Born in New Orleans on September 26, 1973, the acclaimed ‘Young Lion’ trumpeter began gigging at eight years old, played with the All-Star Brass Band, a traditional youth group that performed across the U.S. and abroad, and studied at the New Orleans Center for Creative Arts and the University of New Orleans, under the tutelage of the renowned Ellis Marsalis, patriarch of the Marsalis musical family.
The gifted Payton has played or recorded with Joe Henderson, Clark Terry, Jimmy Smith, Greg Tardy, Tim Warfield, Mark Whitfield, Rueben Rogers, Adonis Rose. Stefan Harris, Russell Gunn, Christian McBride, Greg Osby and many others; and, at age 19, was Elvin Jones’ musical director.

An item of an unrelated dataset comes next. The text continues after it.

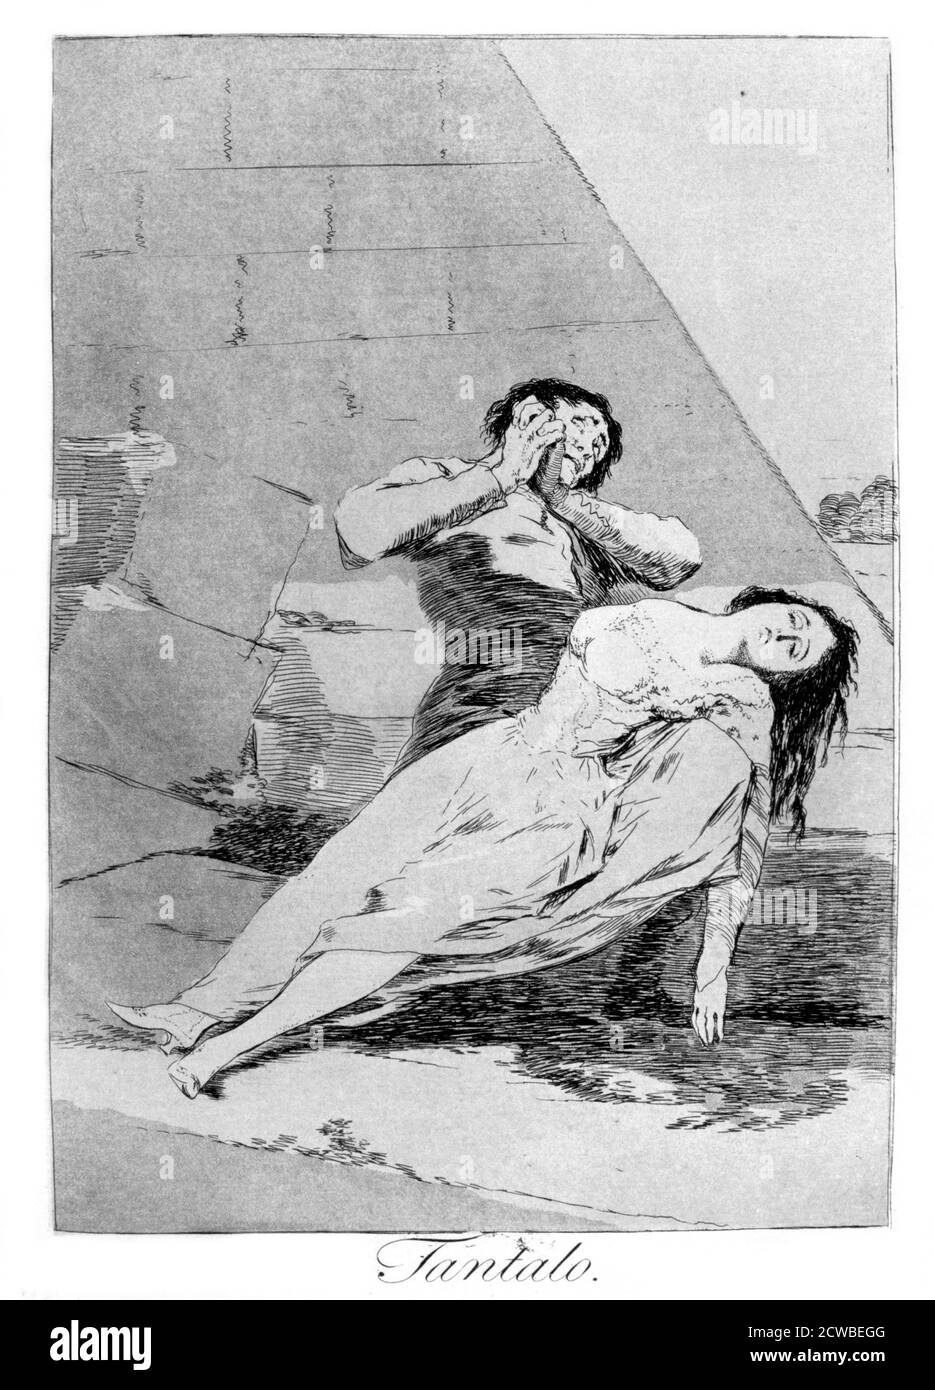 Tantalas', 1799 artiste: Francisco Goya. Assiette 9 de 'Los Caprichos'. Los Caprichos est un ensemble de 80 tirages en aquatinte et gravure créés par l'artiste espagnol Francisco Goya en 1797 et 1798, et publiés comme un album en 1799. Banque D'Images

My initial sonic encounter with Nicholas was in the ‘90s at Just Jazz in St. Louis’ Hotel Majestic. There, he set the stage for some exhilarating experiences to follow. Later, his full, pure sound on trumpet and flugelhorn, impeccable technique and astonishing range were always on display: at The IndigoRoom (now The Formula) on Washington, sitting in at Spruill’s with Willie Akins or on one of his trips to Jazz at the Bistro.
Payton became a leader in 1995, with his CD, From This Moment. In 1996, he recorded Gumbo Nouveau, then collaborated with the legendary trumpeter Doc Cheatham in 1997 for Doc Cheatham and Nicholas Payton. Payton Place, in 1998, as one scribe put it, “marked the beginnings of his expanding compositional palette.” In response to Nicholas’ next effort, Nick @ Night, writer Chris Hovan observed, “It’s a promising sign that the revivalist movement once fronted by Wynton Marsalis has now given way to a manifold and more healthy jazz outlook.”

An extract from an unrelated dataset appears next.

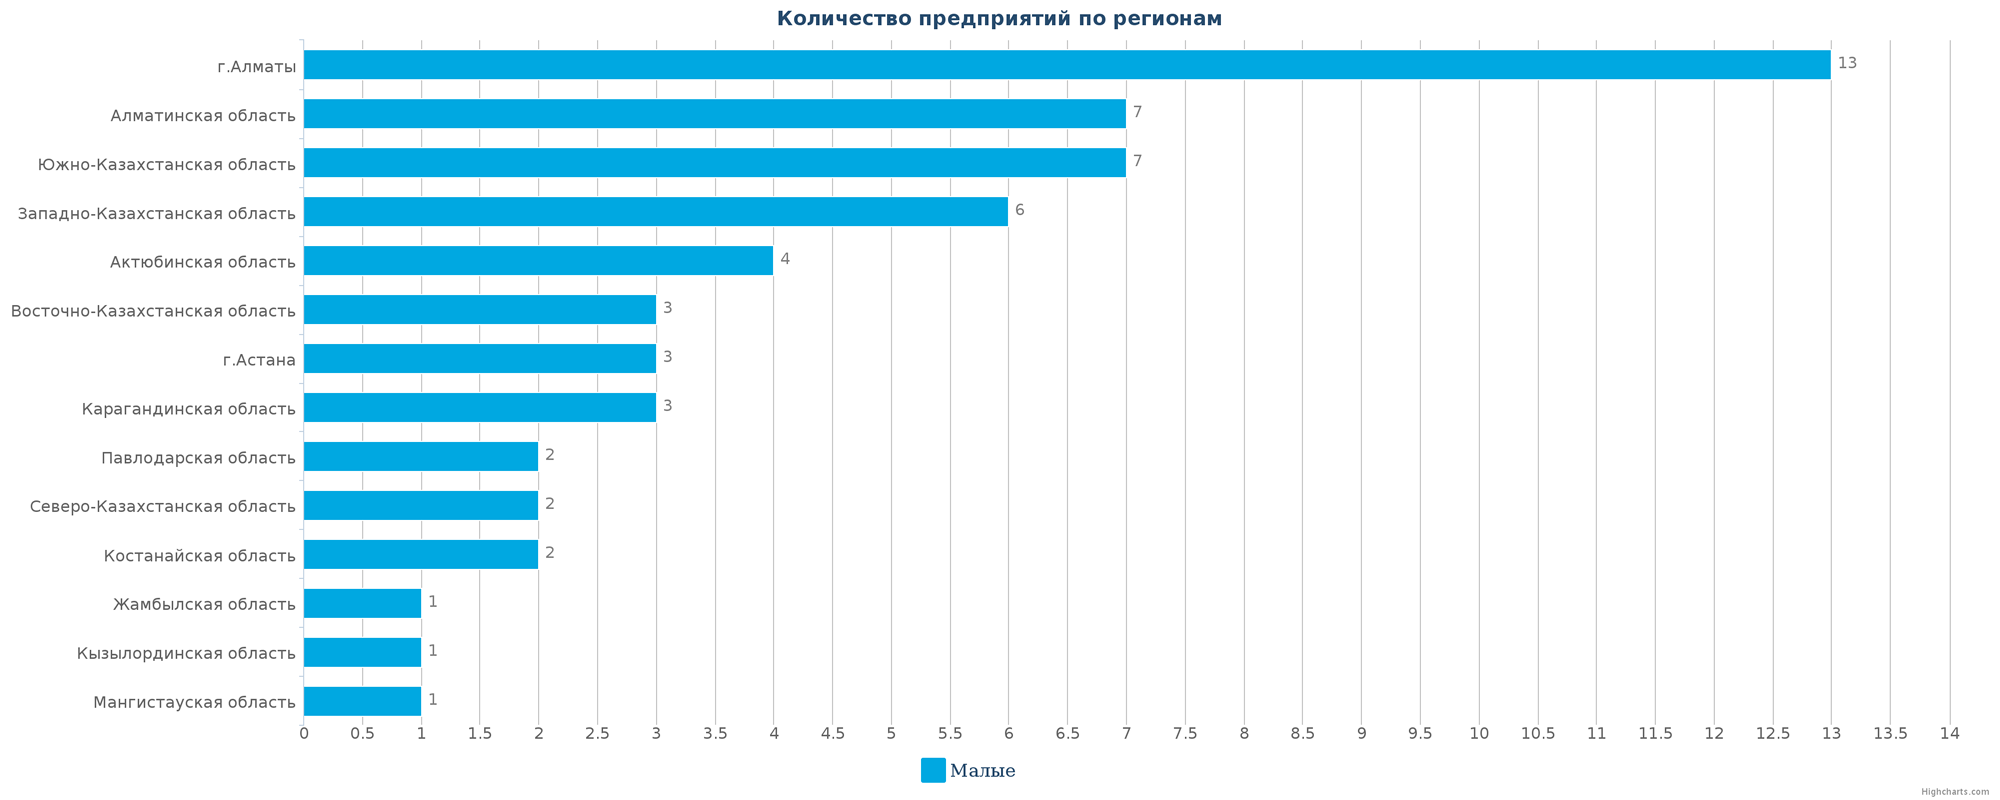 Количество новых промышленных предприятий по регионам Казахстана

The 2001 big band recording, Dear Louis, (a tribute to Louis Armstrong) marked the introduction of Payton’s vocals on disc – with “I’ll Be Glad When You’re Dead You Rascal You” and “I’ll Never Be The Same.”
But in 2003, Nick’s first Warner Bros. release, Sonic Trance, signalled the unfurling of a much broader spectrum of expression. Gregory J. Robb describes it as sounds “produced in a group context using an entire age of special effects that we thought were dead and gone. They are unleashed and indulged as a child pillages a play store.” And A. Scott Galloway hears the use of “groove and hip hop, electric keyboards, upright bass, drums, percussion and a mystical bag of special effects for trumpet” as a formula to
“send imaginations on a liberating journey.”
With regard to his continually evolving artistic approach and ideas, the Grammy Award winner muses, “I would like to think I am in a constant state of development,” and elaborates that he is just trying “to play jazz that is indicative of the times in which we live and that has more to do with embracing the elements of the music of my youth, as opposed to playing jazz through a concept of thirty, forty, fifty years ago.”
On the often-controversial subject of hip hop – which he has incorporated into some of his music – Payton offers: “I think the problem is that most of what we see and hear is not necessarily the best representation of what’s going on in the creative side of the field. And I think, sometimes, some of the negative imagery that comes along with some of the popularity, some of the things that we see, has branded it as not being artful. I think it’s completely fresh and innovative, and I’m trying to draw from that because I
come from that culture.”
The astute, multi-faceted Nicholas Payton is adept at playing several instruments. Drummer Montez Coleman recently extolled his skills on the upright bass to me – skills that I can affirm, having witnessed them firsthand, after hours at Jazz at the Bistro.
His talents – be they conceptual or compositional, or his superb trumpet chops – are so vast that only the sky must be the limit. I can’t wait to check out his next moves.
The Nicholas Quintet plays Jazz at the Bistro, 3536 Washington, January 18-21 at 8:30 p.m. and 10:15 p.m. each night.